The message seems to have gotten muddled.

As #MeToo and Time’s Up have worked to move the culture forward with twin goals of making workplaces safer for women and closing the pay gap, a curious thing has happened in Hollywood.

Sandra Bullock and Cate Blanchett should have ruled "Ocean's 8" — but their lukewarm roles weighed down the story.

Good news first: Screenwriters are learning that not all women are downer wives, hot girlfriends or shrews. But in a knee-jerk reaction to the times, Hollywood is trying to make up for lost ground, trumpeting every female character as a "strong female lead," someone who's a pitch-perfect blend of tough resolve, intellect and conviction in a man's world.

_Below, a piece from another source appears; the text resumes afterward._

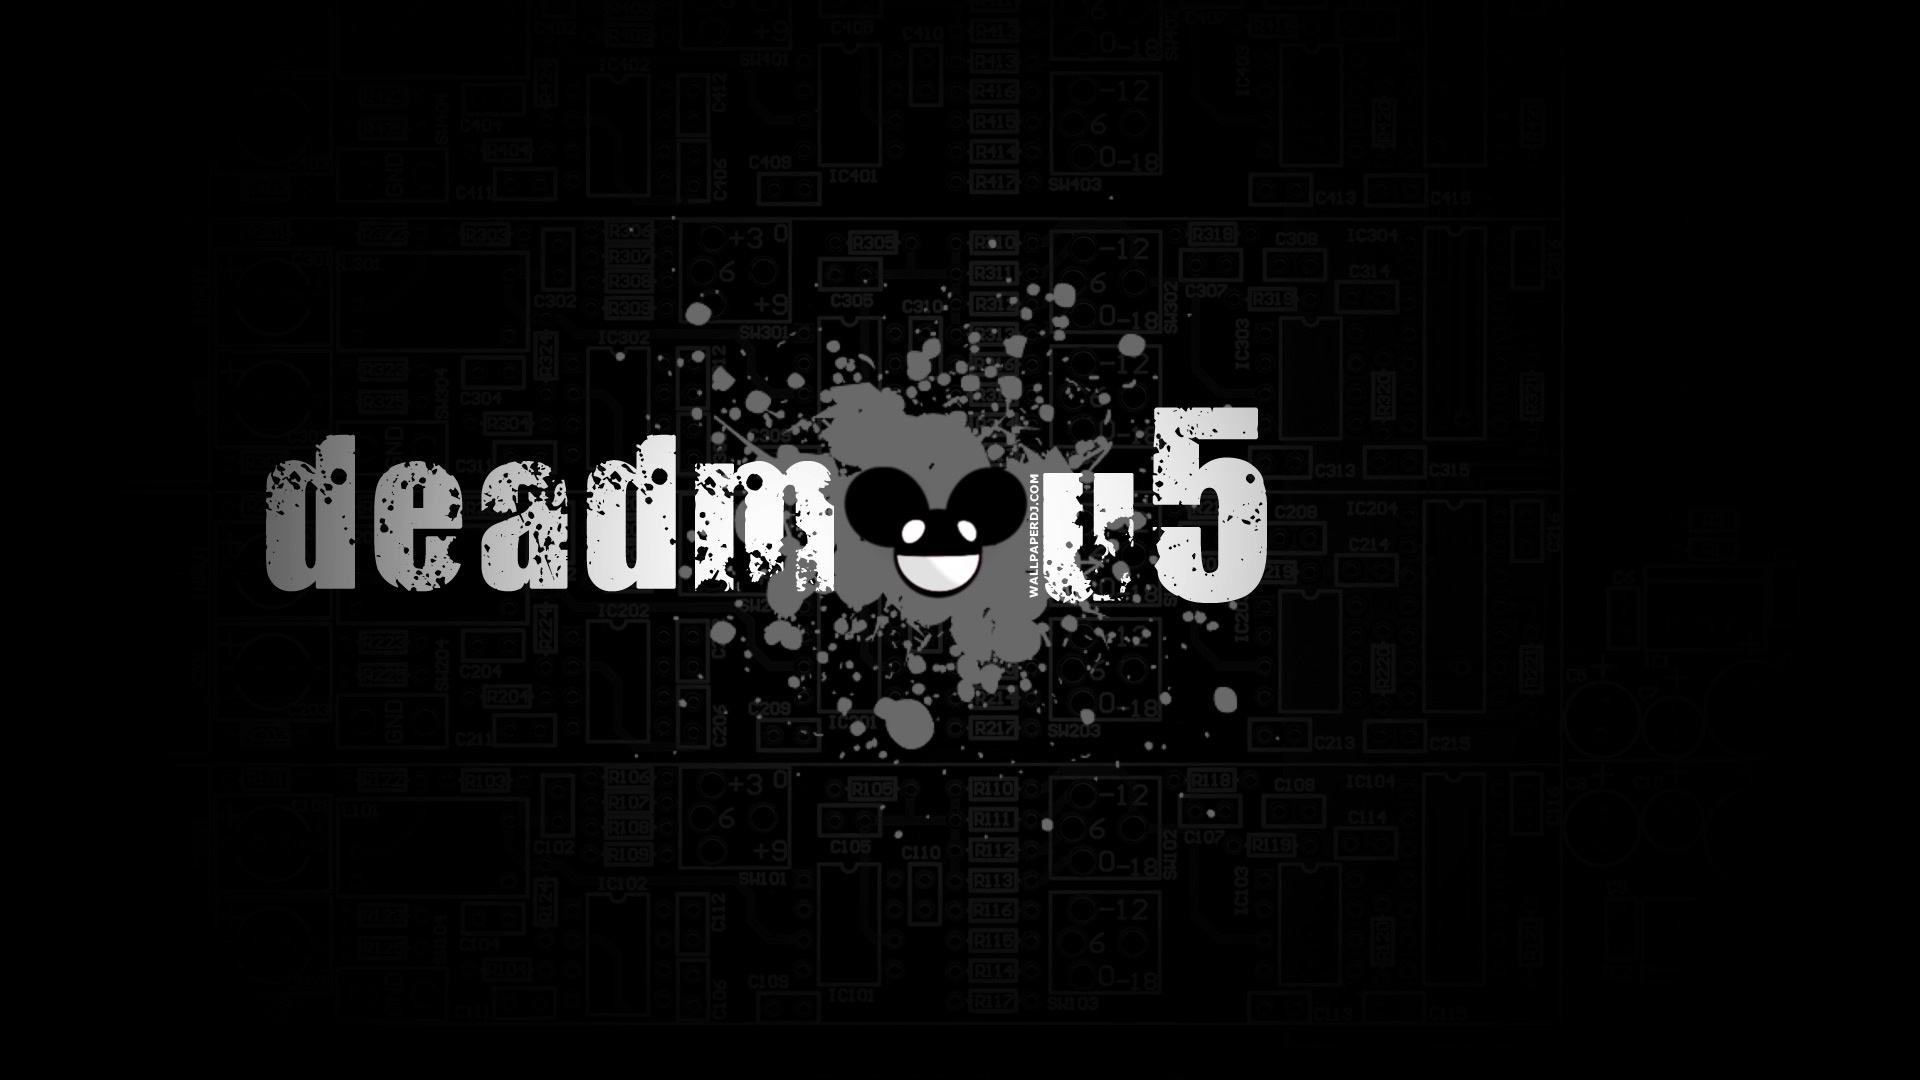 dub producers 03-Deadmau5

It's not only grating, it's ... weak. 

“Every time someone writes that I play 'strong women,' what they're implying is that most women aren’t,” Jessica Chastain tweeted last year while promoting "Molly’s Game." “How about I just play well written parts?”

We're on board for mischievous, multidimensional and maddening. Give us messy, give us miserable, give us monstrous. Just don’t try to fake us out with the notion that female strength is a fad. 

What screenwriters and filmmakers often lose sight of is nuance: Women at the center of their own stories who contain multitudes. What makes someone bad? What makes them good? And aren’t most people (women and men) an ever-shifting balance of both?

Eve Polastri (Sandra Oh) is making summer murderous again on "Killing Eve."

It’s why I’ve been so insistent about getting my circle to watch BBC America's "Killing Eve." Sandra Oh’s spy, Eve Polastri, on whom the series hinges, is constantly evolving in her pursuit of a female Russian serial killer. She’s sharp, brings snacks to semi-important meetings, gets in too deep with her target and sometimes takes her partner for granted. (She also happens to be good as hell at her job.)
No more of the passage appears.